The United States Court of Appeals for the Fourth Circuit determined that the term “compensation,” as used in the Longshore and Harbor Workers Compensation Act’s (“LHWCA”) modification provision, does not include voluntary payments to a claimant’s medical providers. See 33 U.S.C. § 922 (1984).
Section 22 of the LHWCA provides in pertinent part: “Upon his own initiative, or upon the application of any party in interest [,] … on the ground of a change in conditions or because of a mistake in a determination of fact by the deputy commissioner, the deputy commissioner may, at any time prior to one year after the date of the last payment of compensation, whether or not a compensation order has been issued, or at any time prior to one year after the rejection of a claim, review a compensation case … [and] issue a new compensation order which may terminate, continue, reinstate, increase, or decrease such compensation, or award compensation.” Id.
In the case before the court, the employer paid compensation for a scheduled knee injury. The claimant sought permanent total disability benefits, but was denied by an administrative law judge. On September 12, 2003, the Benefits Review Board upheld the ALJ’s denial, and by that time the employer had paid all compensation owed for the claimant’s scheduled loss. The employer did, however, continue to pay medical benefits. Four years later, the claimant requested modification of her PPD award. Although filed four years after the last compensation payment, the modification request was filed within one year of the last payment made by the employer to the claimant’s medical providers. The issue was whether the voluntary payment to the medical provider was a payment of “compensation” for modification purposes.
The Fourth Circuit determined that Section 22 contains a statute of limitations, and Congress deliberately included the one-year time limitation within Section 22. A litigant cannot ignore the reality of that time limitation by citing the “general purpose” of the “extraordinarily broad” modification provision.

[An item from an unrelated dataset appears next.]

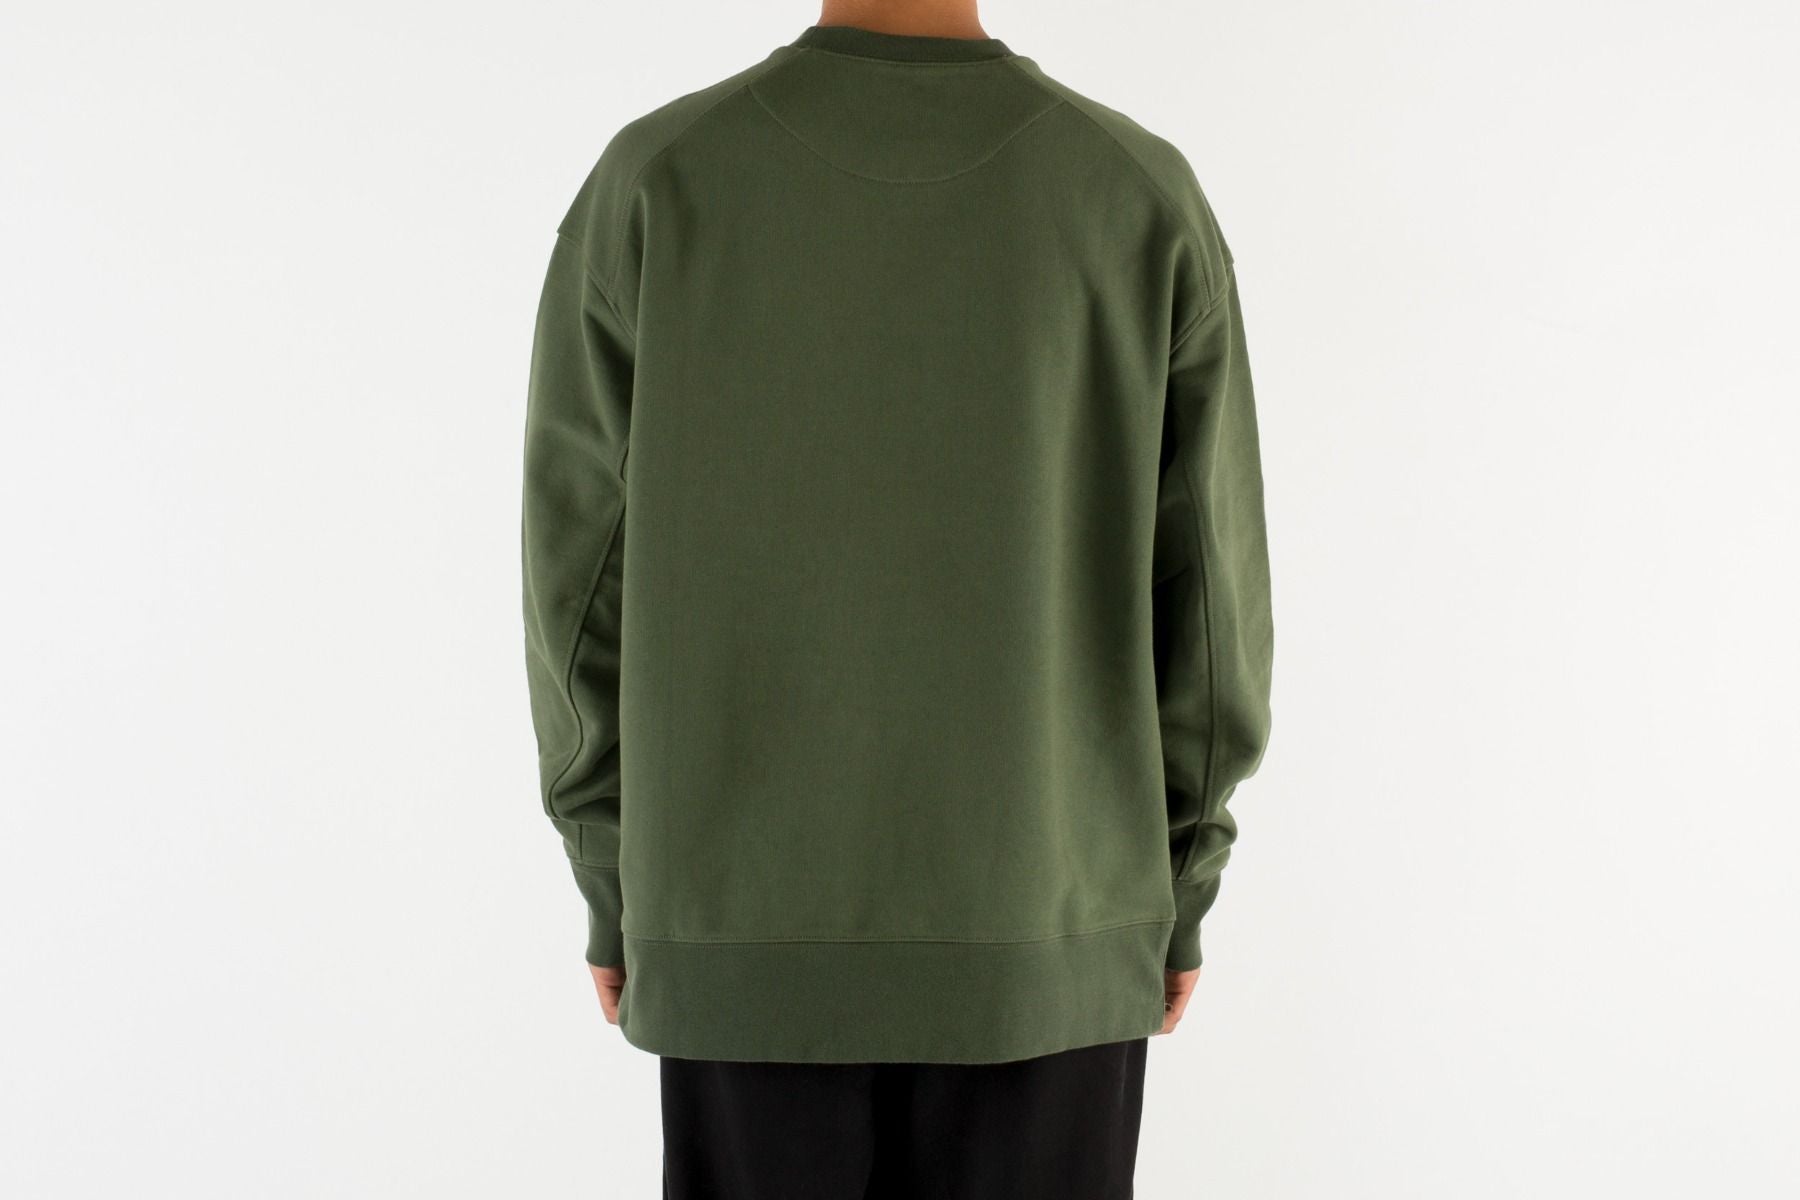 Y-3 Green Crewneck Sweatshirt

Further, if Section 22’s use of “compensation” included the payment of medical benefits, then the one-year limitation contained in the statute could be extended indefinitely because each payment of medical care would start the running of the one year period anew. Obviously, this would not give Section 22 the effect intended by Congress, as evidenced by legislative history. Instead, concluded the Fourth Circuit, “interpreting ‘payment of compensation’ in Section 22 [and all other uses of the term “compensation” in Section 22] to exclude an employer’s payment of medical benefits is most harmonious with the purpose of both the statute’s limitations period and the Act as a whole.”
Wheeler v. Newport News Shipbuilding and Dry Dock Co., — F.3d —-, 2011 WL 541805 (4th Cir. 2011).
Note: Although the decision is well reasoned with respect to the statute of limitations contained in Section 22, there are problems with references made to other provisions of the LHWCA containing the word “compensation.” For example, the Fourth Circuit attaches an inaccurate parenthetical to its citation of 33 U.S.C. § 906(a) stating that “compensation” under that section includes medical benefits. The parenthetical conflicts with a statement made by the Supreme Court in Marshall v. Pletz, 317 U.S. 383 (1943). In Pletz, the Court listed the various sections of the LHWCA where “compensation” dealt solely with “money compensation” and not medical services. Id. at 390-91. Although Section 6(a) mentions both “compensation” and Section 7 medical benefits, the Court noted that Section 7 specifically contrasted compensation from medical aid. Id. at 390. Under Section 7, the director can suspend “compensation” if a claimant refuses to submit to medical treatment. Id. Considering the fact that the present Section 6(a) and Section 7 contain substantially similar provisions, the Fourth Circuit’s parenthetical appears incorrect. A better statement regarding Pletzis contained in the BRB’s earlier decision in Wheeler.